But the profit of six dollars which Edward was now reaping in his newly found "bonanza" on Saturday and Sunday afternoons became apparent to other boys, and one Saturday the young ice-water boy found that he had a competitor; then two and soon three. Edward immediately met the challenge; he squeezed half a dozen lemons into each pail of water, added some sugar, tripled his charge, and continued his monopoly by selling "Lemonade, three cents a glass." Soon more passengers were asking for lemonade than for plain drinking-water!

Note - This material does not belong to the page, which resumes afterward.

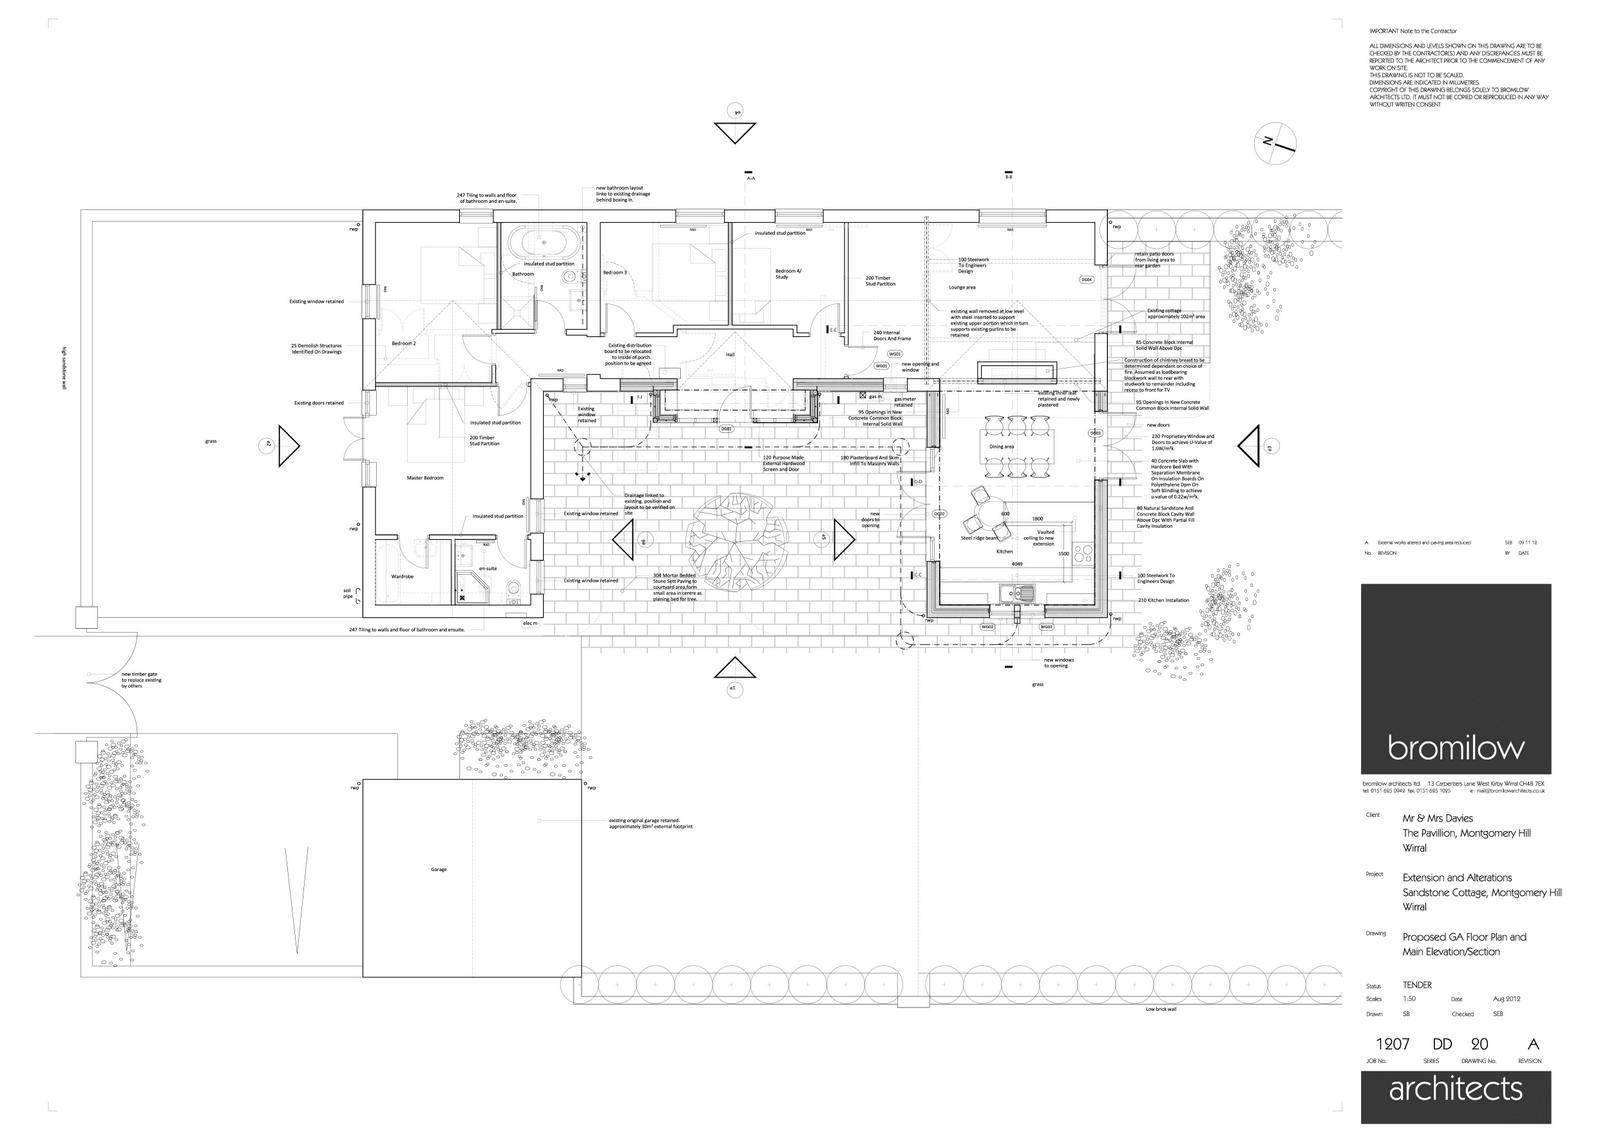 https://i0.wp.com/www.bromilowarchitects.co.uk/wp-content/uploads/2013/05/1207-DD-020A-Sandstone-Cottage-Proposed-GA-Plan-A1.jpg?fit=1600%2C1130&ssl=1

One evening Edward went to a party of young people, and his latent journalistic sense whispered to him that his young hostess might like to see her social affair in print. He went home, wrote up the party, being careful to include the name of every boy and girl present, and next morning took the account to the city editor of the Brooklyn Eagle, with the sage observation that every name mentioned in that paragraph represented a buyer of the paper, who would like to see his or her name in print, and that if the editor had enough of these reports he might very advantageously strengthen the circulation of The Eagle. The editor was not slow to see the point, and offered Edward three dollars a column for such reports. On his way home, Edward calculated how many parties he would have to attend a week to furnish a column, and decided that he would organize a corps of private reporters himself. Forthwith, he saw every girl and boy he knew, got each to promise to write for him an account of each party he or she attended or gave, and laid great stress on a full recital of names. Within a few weeks, Edward was turning in to The Eagle from two to three columns a week; his pay was raised to four dollars a column; the editor was pleased in having started a department that no other paper carried, and the "among those present" at the parties all bought the paper and were immensely gratified to see their names.

So everybody was happy, and Edward Bok, as a full-fledged reporter, had begun his journalistic career.

It is curious how deeply embedded in his nature, even in his earliest years, was the inclination toward the publishing business. The word "curious" is used here because Edward is the first journalist in the Bok family in all the centuries through which it extends in Dutch history. On his father's side, there was a succession of jurists. On the mother's side, not a journalist is visible.

Edward attended the Sunday-school of the Carroll Park Methodist Episcopal Church, in Brooklyn, of which a Mr. Elkins was superintendent. One day he learned that Mr. Elkins was associated with the publishing house of Harper and Brothers. Edward had heard his father speak of Harper's Weekly and of the great part it had played in the Civil War; his father also brought home an occasional copy of Harper's Weekly and of Harper's Magazine. He had seen Harper's Young People; the name of Harper and Brothers was on some of his school-books; and he pictured in his mind how wonderful it must be for a man to be associated with publishers of periodicals that other people read, and books that other folks studied. The Sunday-school superintendent henceforth became a figure of importance in Edward's eyes; many a morning the boy hastened from home long before the hour for school, and seated himself on the steps of the Elkins house under the pretext of waiting for Mr. Elkins's son to go to school, but really for the secret purpose of seeing Mr. Elkins set forth to engage in the momentous business of making books and periodicals. Edward would look after the superintendent's form until it was lost to view; then, with a sigh, he would go to school, forgetting all about the Elkins boy whom he had told the father he had come to call for!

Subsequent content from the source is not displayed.